John McCain, his supporters said, is going to have his best days in the Senate ahead of him. For conservatives, that set off alarm bells. They muttered, “Here it comes, the mavericky sell-out of conservative principles.” But wait. Perhaps his true colors are showing now — a fidelity to fiscal discipline and a loathing of old-style pork barrel legislation. He was on fire on Face the Nation:
Sen. John McCain (R-Ariz.) said he will vote against President Barack Obama’s stimulus bill, calling the legislation “generational theft” in an interview on CBS’ “Face the Nation.”
“I thought we were going to have change,” he said, in a shot at Obama’s campaign slogan, “and that change meant we work together. This is a setback. This is a setback to all Americans because you promised Americans we’d work in a more bipartisan fashion, and that certainly is not the case in this bill,” McCain said.
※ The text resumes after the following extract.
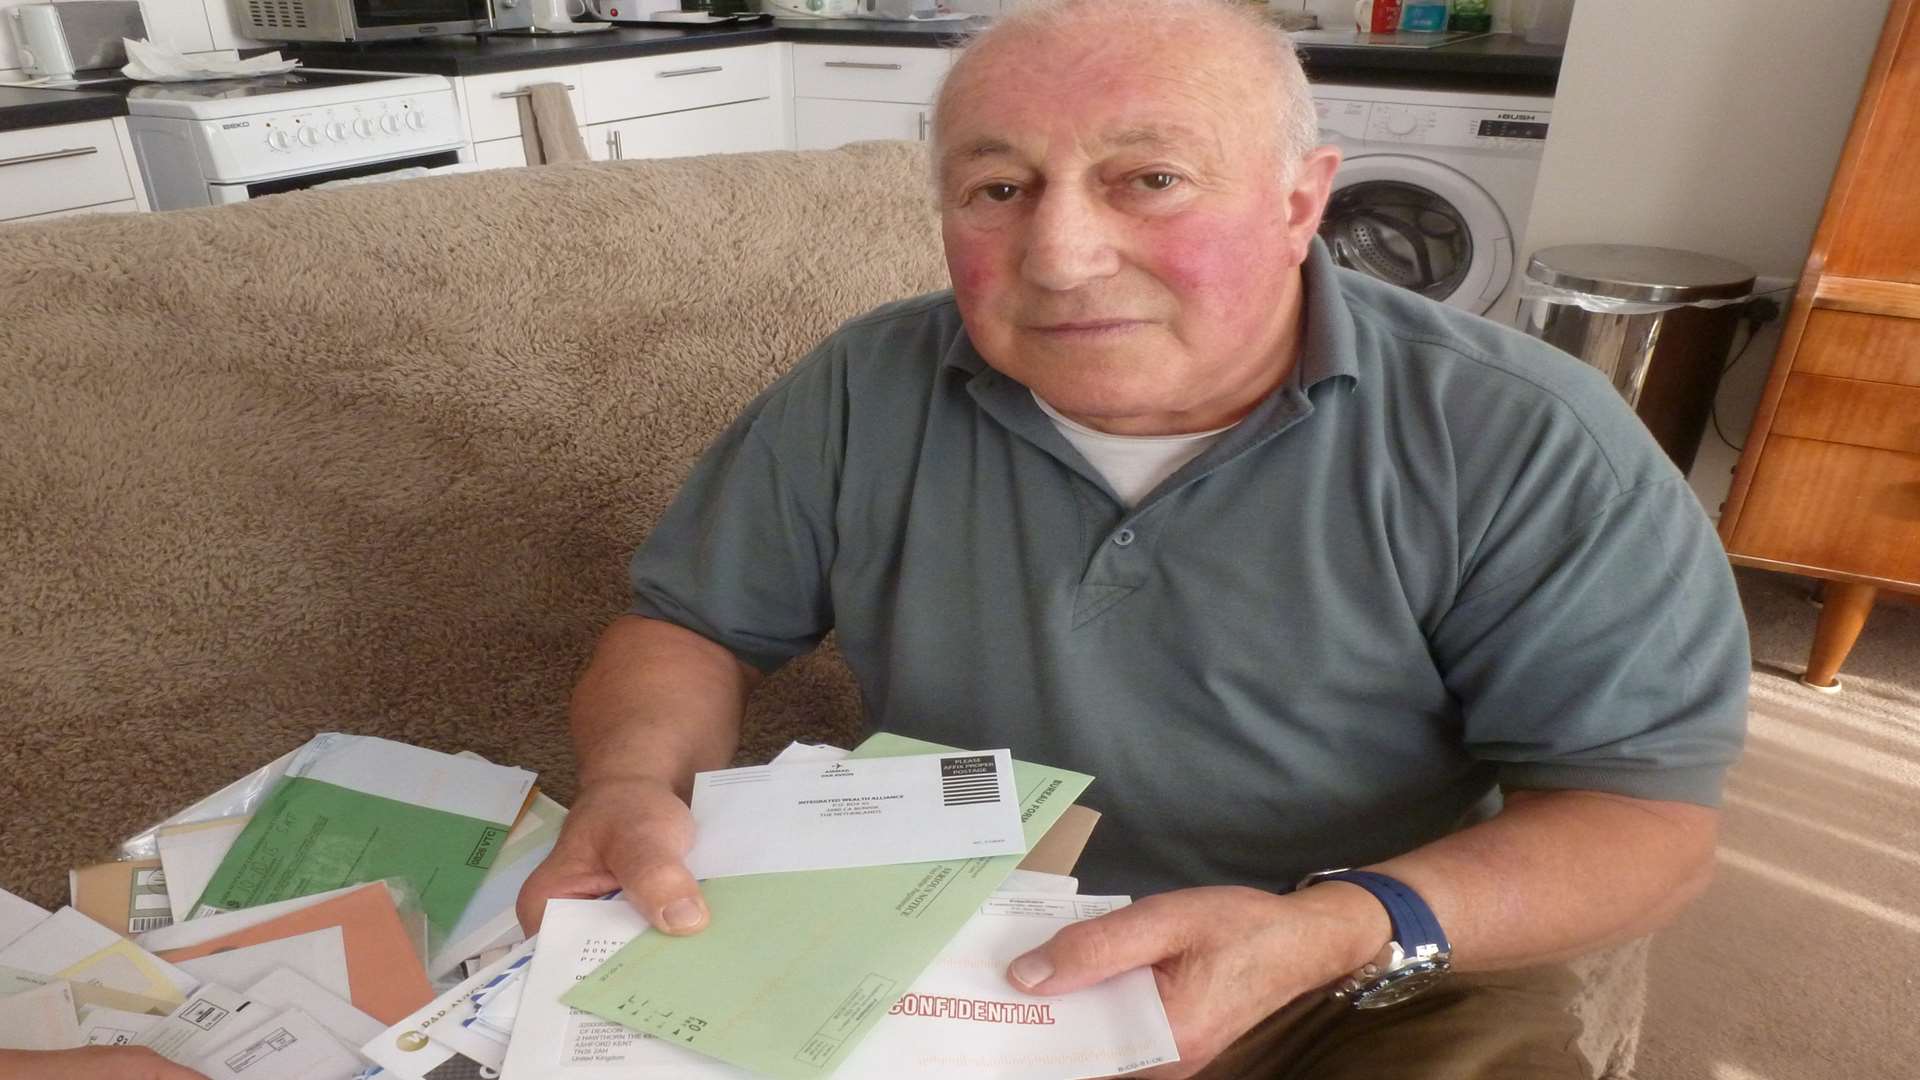 Colin Deacon with some of the scam letters

McCain said the bill would saddle Americans with billions in future debt, and contained protectionist provisions that could be damaging to the economy.
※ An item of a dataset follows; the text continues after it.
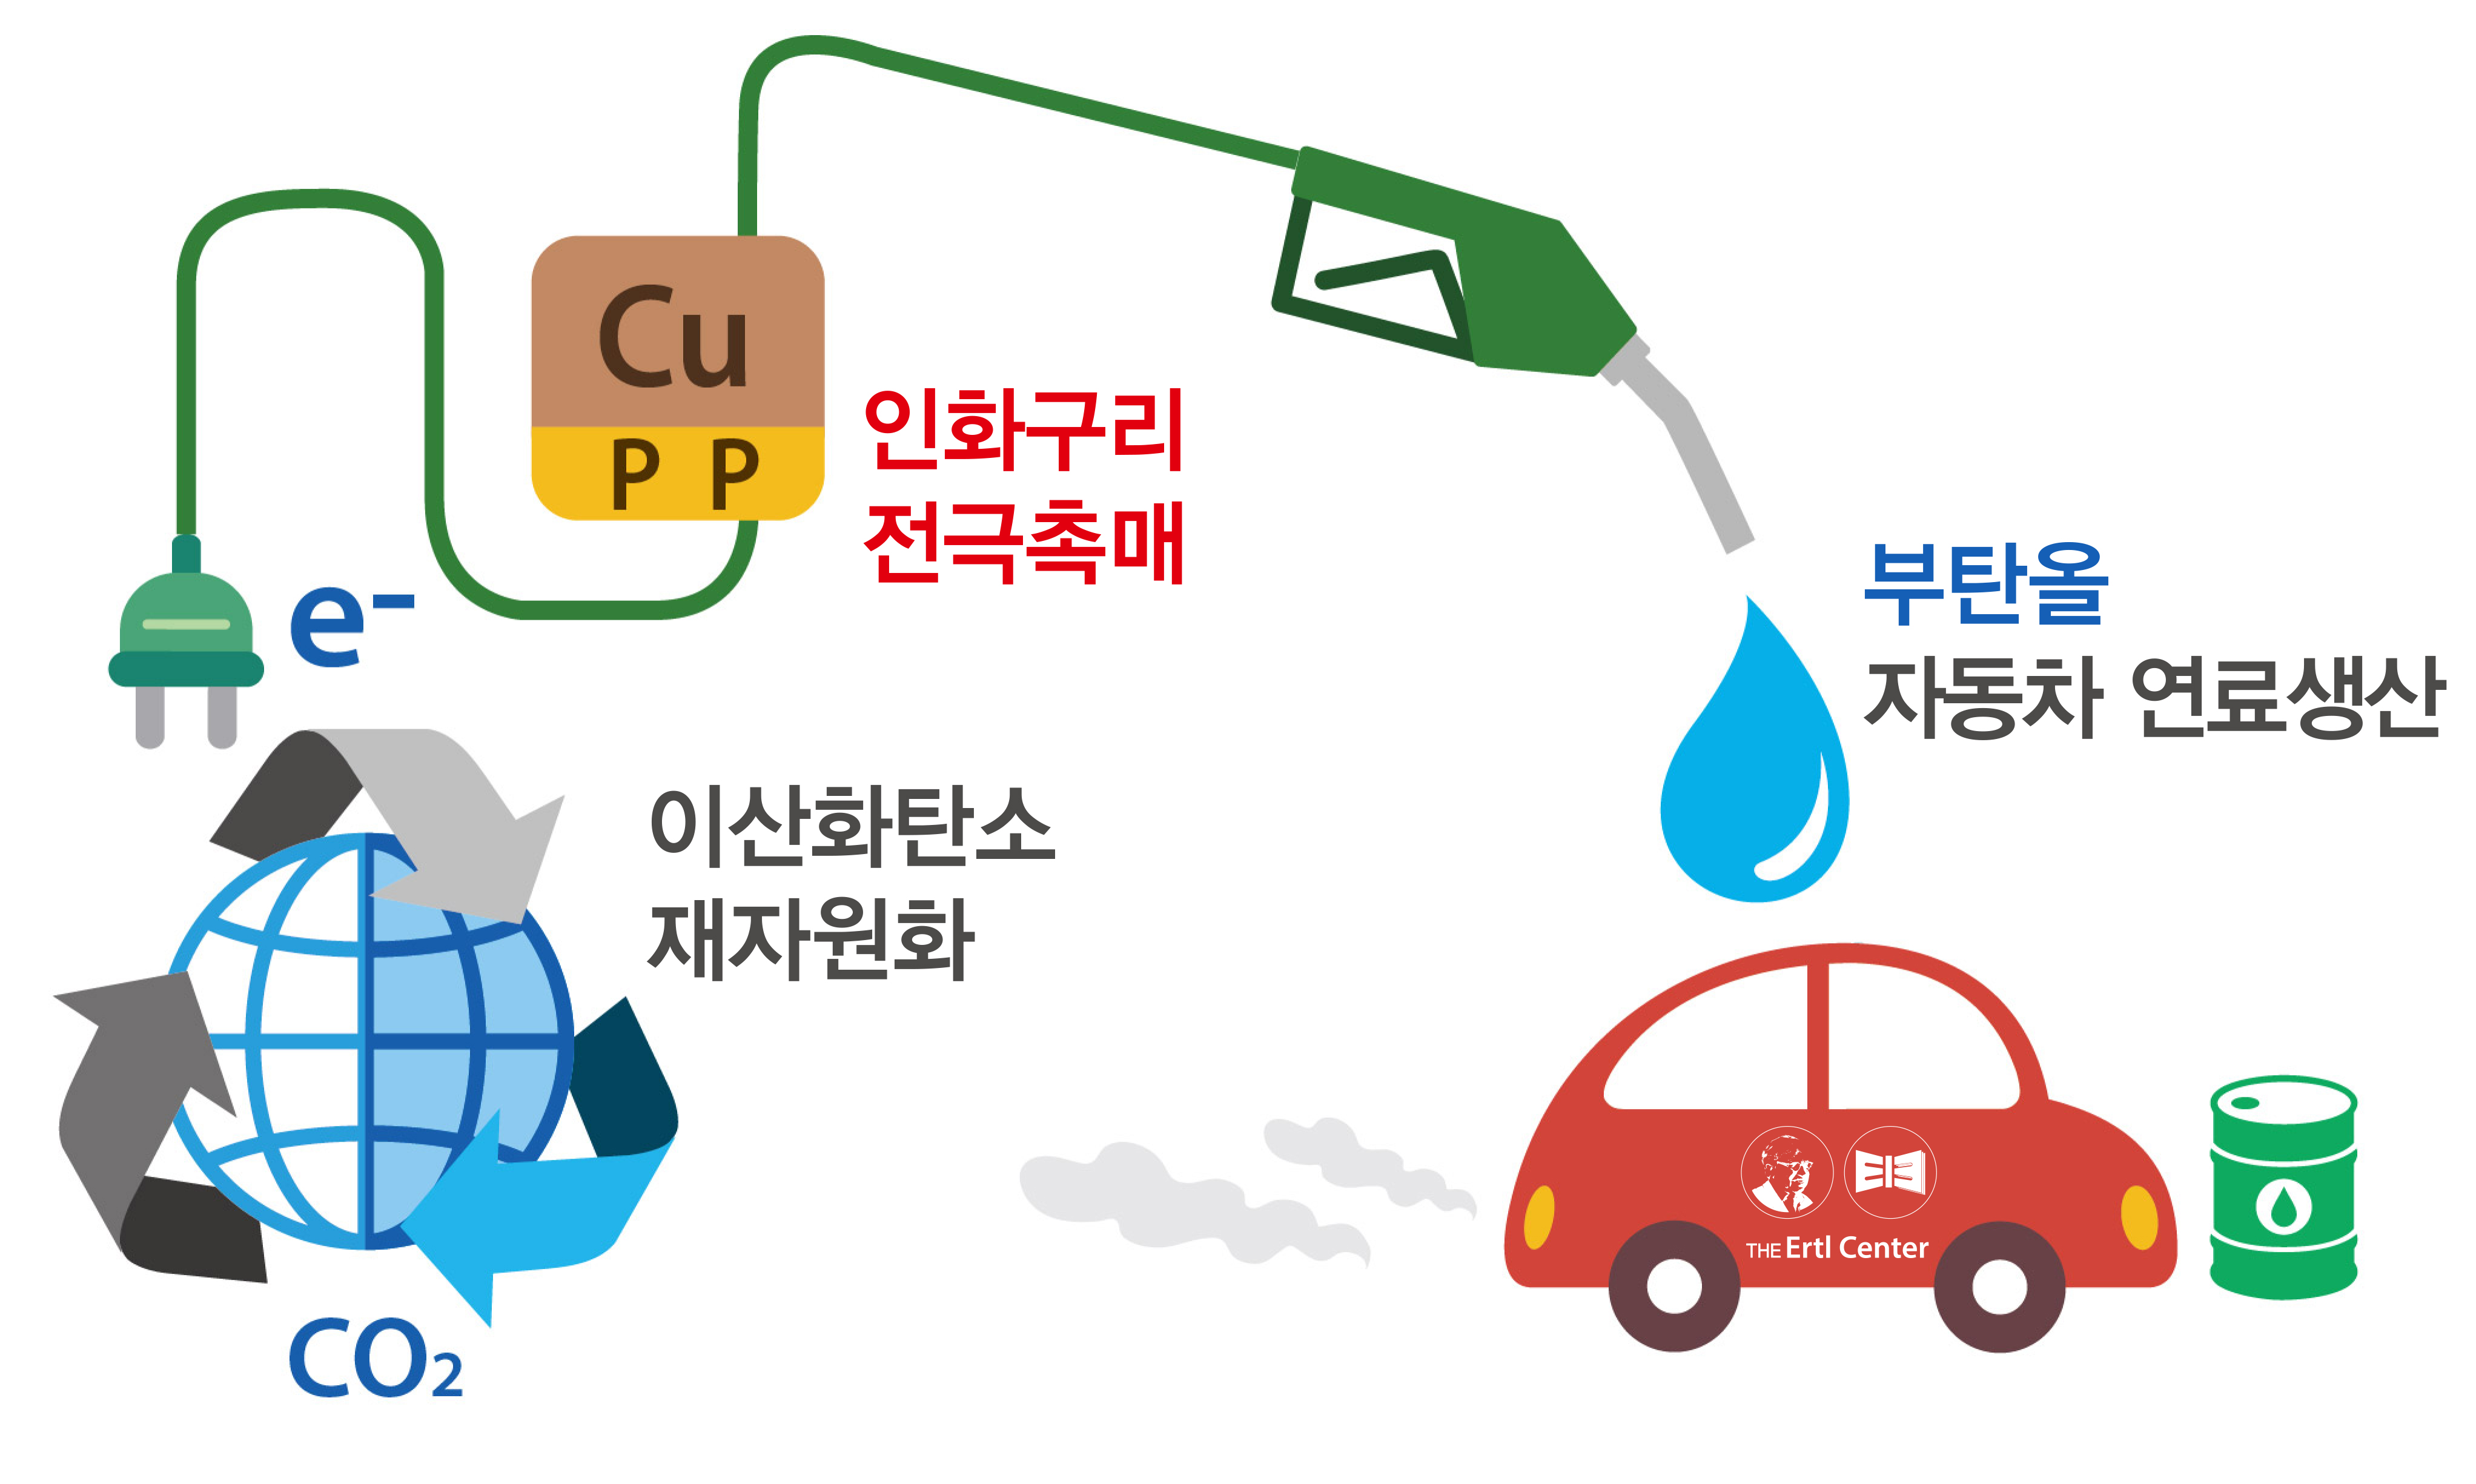 School of Earth Sciences and Environmental Engineering Professor Jaeyoung Lee's research team produces butanol, an eco-friendly automobile fuel from the greenhouse gas carbon dioxide 이미지

“We’re going to amass the largest debt in the history of this country by any measurement, and we’re going to ask our kids and grandkids to pay for it,” McCain said.
“I know we’re in trouble. I know America needs a stimulus, we need tax cuts, we need to spend money on infrastructure and other programs that will put people to work. But this is not it.”
McCain has credibility both with Americans and with fellow Republicans when it comes to fiscal maturity. He might have lost the election, but he might not lose the argument. If indeed he has the ability to reason and cajole with his “moderate” friends in the Senate, perhaps it is not too late to resist the urge to pass a bill junked up with pork and non-stimulative spending.
Oh, but it’s “better now” you say? Not so fast. Larry Summers let the cat out of the bag:”The Senate bill, the House bill, the overlap is 90 plus percent.” McCain has figured that out — the trick will be convincing other Senators and the public that no matter how the Democrats “tweak” it, it’s still the same bag of junky programs which will do more harm than good to the country’s longterm economic interests.
Now, with the pressure of the campaign removed and the shadow of George Bush lifted, McCain may indeed leave his mark. If so, it will be another one of his remarkable political comebacks — from hobbled candidate to principled leader of the opposition party. You can’t say McCain ever fails to surprise.